Não existem mais artistas como Chico Buarque e Caetano Veloso — os ícones de geração, os compositores que são chamados a opinar sobre todos os assuntos. Nos anos 90, o poeta carioca Bruno Tolentino (1940-2007) observou, numa entrevista famosa, que no Brasil eram os cantores populares, e não os escritores ou intelectuais da academia, que pautavam o debate cultural. Tolentino emitiu sua observação em tom de crítica — ele via isso como um sintoma de decadência. O que faltou em seu raciocínio foi observar que acontecia o mesmo no resto do mundo. Se os anos 40 e 50 foram dos escritores e filósofos, em que nomes como Norman Mailer e Jean-Paul Sartre pontificavam sobre todos os assuntos, os 60 e 70 foram dos astros da música pop. Artistas como John Lennon, Paul McCartney, Bob Dylan e David Bowie, entre outros, eram considerados as "antenas" de um período de intensa mudança cultural e de costumes.

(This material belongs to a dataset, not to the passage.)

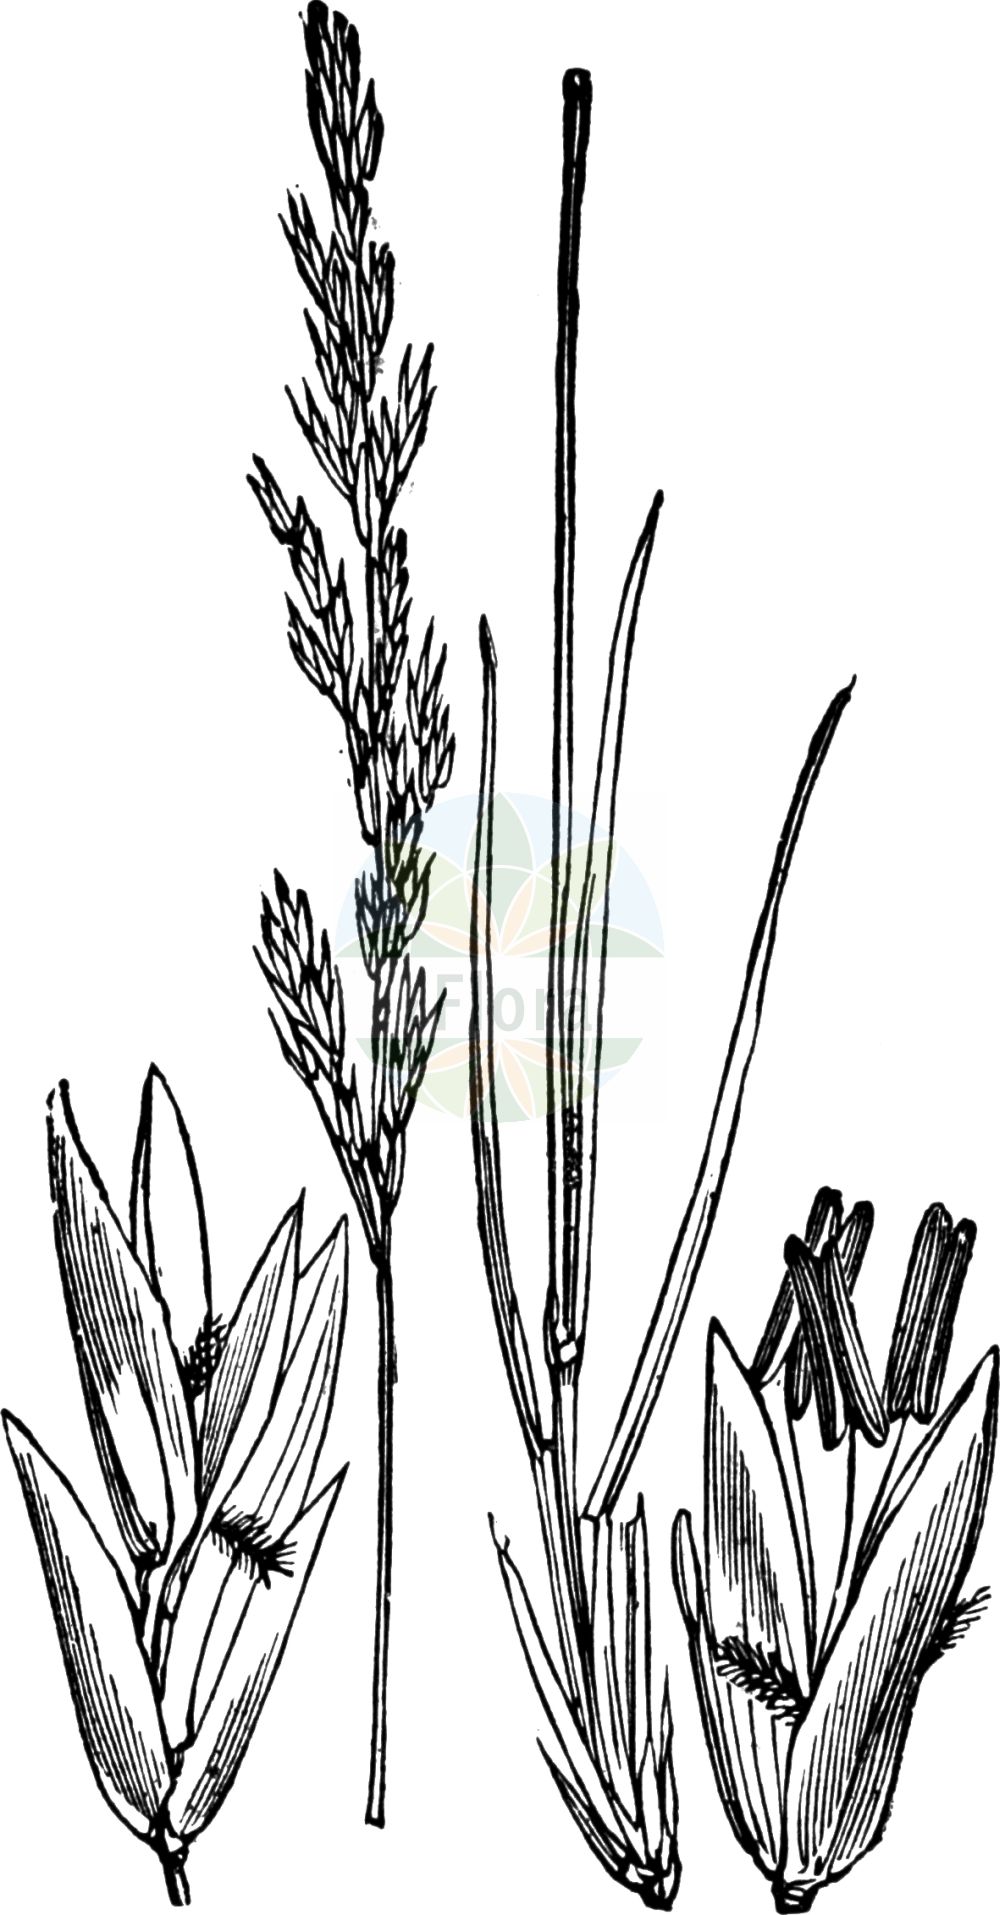 Historische Abbildung von Molinia caerulea (Gewöhnliches Pfeifengras - Purple Moor-grass). Das Bild zeigt Blatt, Bluete, Frucht und Same. ---- Historical Drawing of Molinia caerulea (Gewöhnliches Pfeifengras - Purple Moor-grass). The image is showing leaf, flower, fruit and seed.(Molinia caerulea,Gewöhnliches Pfeifengras,Purple Moor-grass,Aira coerulea,Molinia caerulea,Molinia euxina,Molinia horanszkyi,Molinia hungarica,Molinia simonii,Gewoehnliches Pfeifengras,Bentgras,Benthalm,Besenried,Binsenhalm,Blaues Pfeifengras,Purple Moor-grass,Flying Bentgrass,Moorgrass,Purple Heathgrass,Purple Molinia,Molinia,Pfeifengras,Moorgrass,Poaceae,Süßgräser,Grass family,Blatt,Bluete,Frucht,Same,leaf,flower,fruit,seed,Fitch et al. (1880))

É um pouco espírito de época, mas também mérito de uma geração excepcionalmente talentosa — é só pensar que apenas no ano de 1966 foram lançados pelo menos três álbuns clássicos da música de todos os tempos, Blonde on Blonde (Bob Dylan), Pet Sounds (Beach Boys) e Revolver (Beatles). Cantores como Chico Buarque e Caetano Veloso eram as versões brasileiras desse fenômeno. É uma simplificação, no entanto, entender tudo isso apenas como marca de um tempo, ignorando as peculiaridades e contribuições particulares de cada artista.
Numa comparação redutora porém ilustrativa, Chico e Caetano estão para a MPB assim como Bob Dylan e David Bowie para o pop internacional. Dylan e Chico se destacam mais pela qualidade de suas letras do que por suas performances, em geral discretas, em shows. Mais do que bons compositores, letristas e intérpretes fulgurantes, Bowie e Caetano são famosos pelas diversas reviravoltas que deram em suas carreiras, captando diferentes espíritos de época. Bowie usou sintetizadores para falar de viagens espaciais nos anos 60, foi andrógino nos 70 (era o principal nome do glitter, o velho e colorido rock-lantejoula) e voltou a ser roqueiro nos 80. Caetano surgiu no tropicalismo dos anos 60, escreveu o "hino do desbunde" nos anos 70 (a música Odara), foi pioneiro na utilização de sonoridades do pop na MPB da década de 1980 (o marco é o memorável álbum Velô) e ainda promoveu o relançamento de clássicos da música latina nos 90. Tudo isso enquanto Chico Buarque lapidava seu estilo de composição calcado nas raízes da MPB — e Bob Dylan se aprimorava cada vez mais em sua peculiar fusão de blues e música country engajada.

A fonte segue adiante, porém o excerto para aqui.